Task brief:
Write out again, exactly, the lines below starting at the one with "8 Ideas For" and ending at the one with "Universe of Water".

Data records:
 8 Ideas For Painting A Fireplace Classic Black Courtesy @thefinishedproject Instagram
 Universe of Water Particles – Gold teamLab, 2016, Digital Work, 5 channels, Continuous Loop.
==
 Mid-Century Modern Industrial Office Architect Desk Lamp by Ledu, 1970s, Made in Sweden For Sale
--
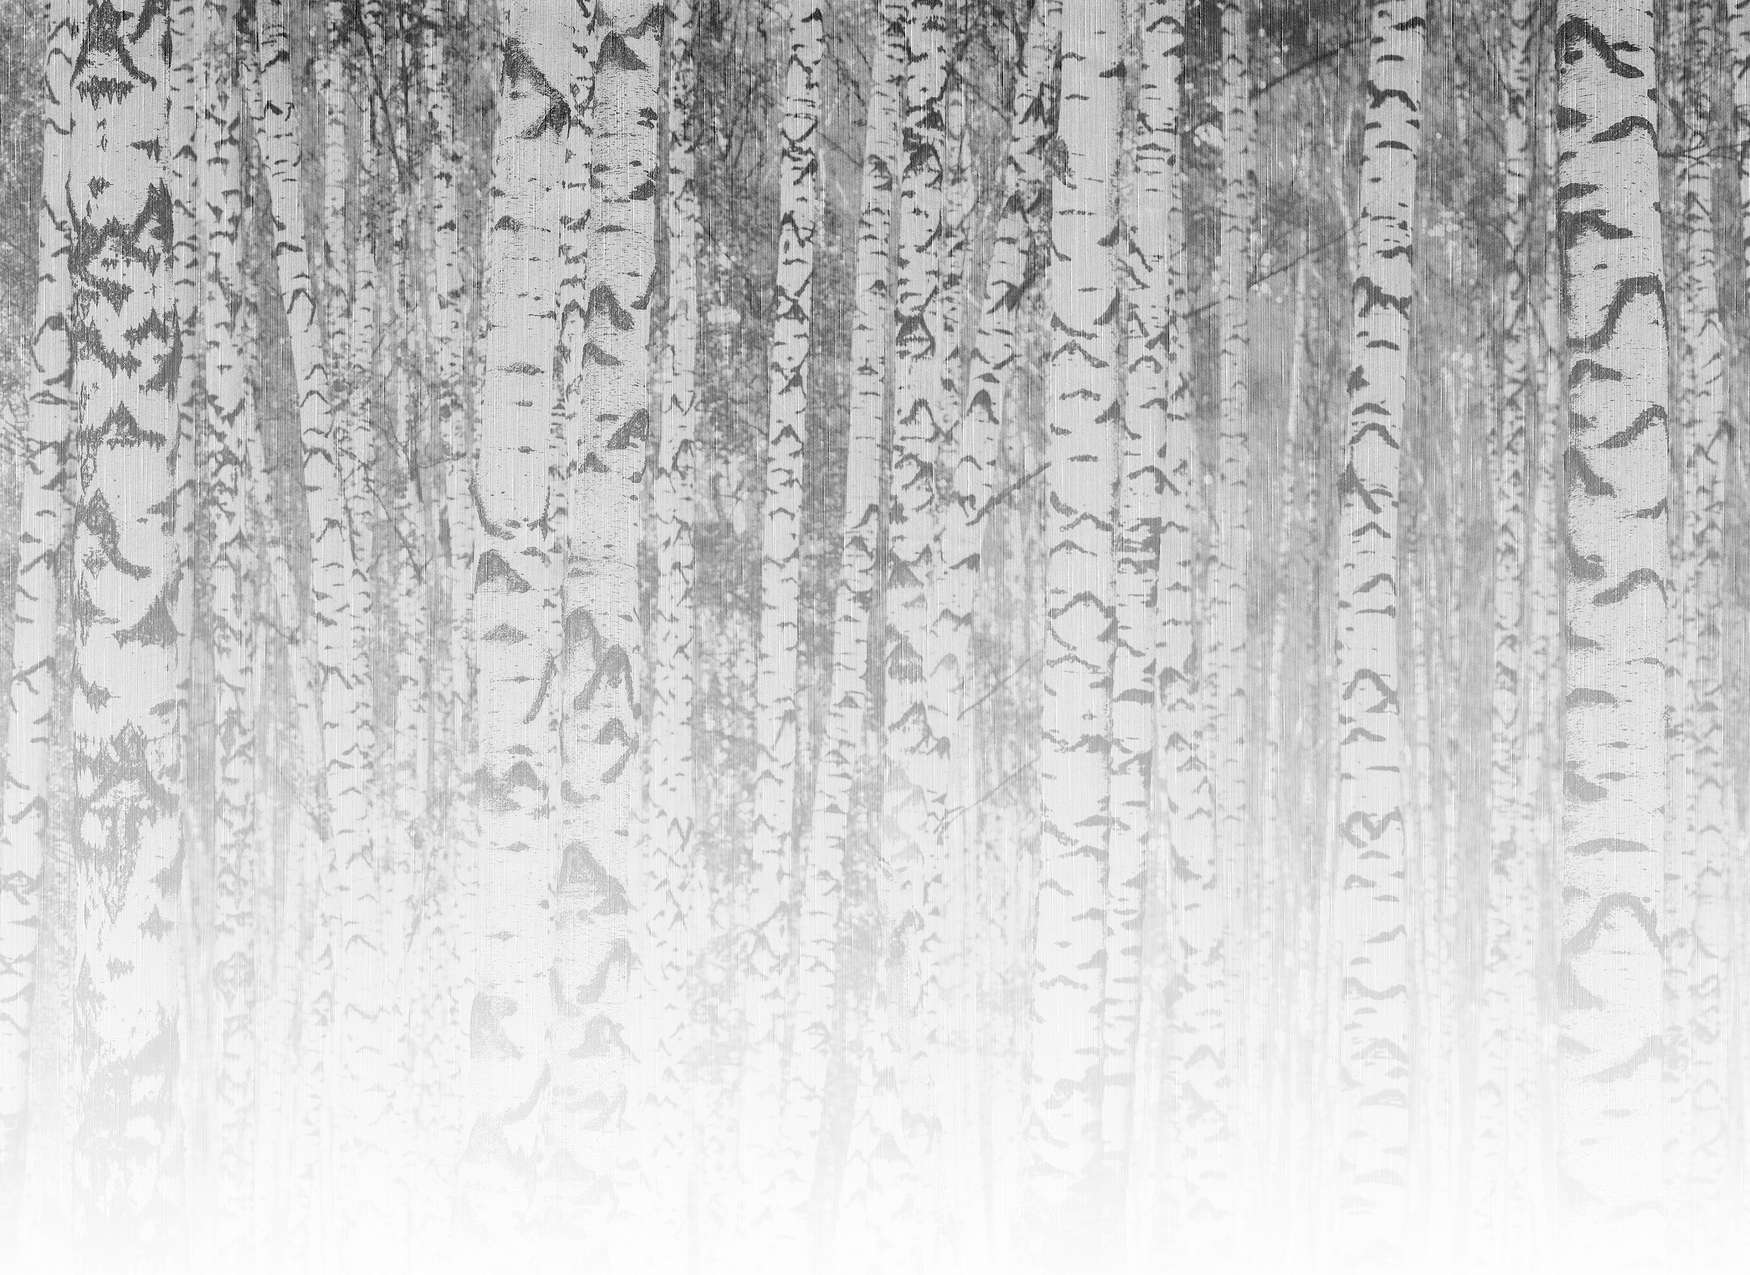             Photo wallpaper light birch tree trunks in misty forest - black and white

Response area:
 8 Ideas For Painting A Fireplace Classic Black Courtesy @thefinishedproject Instagram
 Universe of Water Particles – Gold teamLab, 2016, Digital Work, 5 channels, Continuous Loop.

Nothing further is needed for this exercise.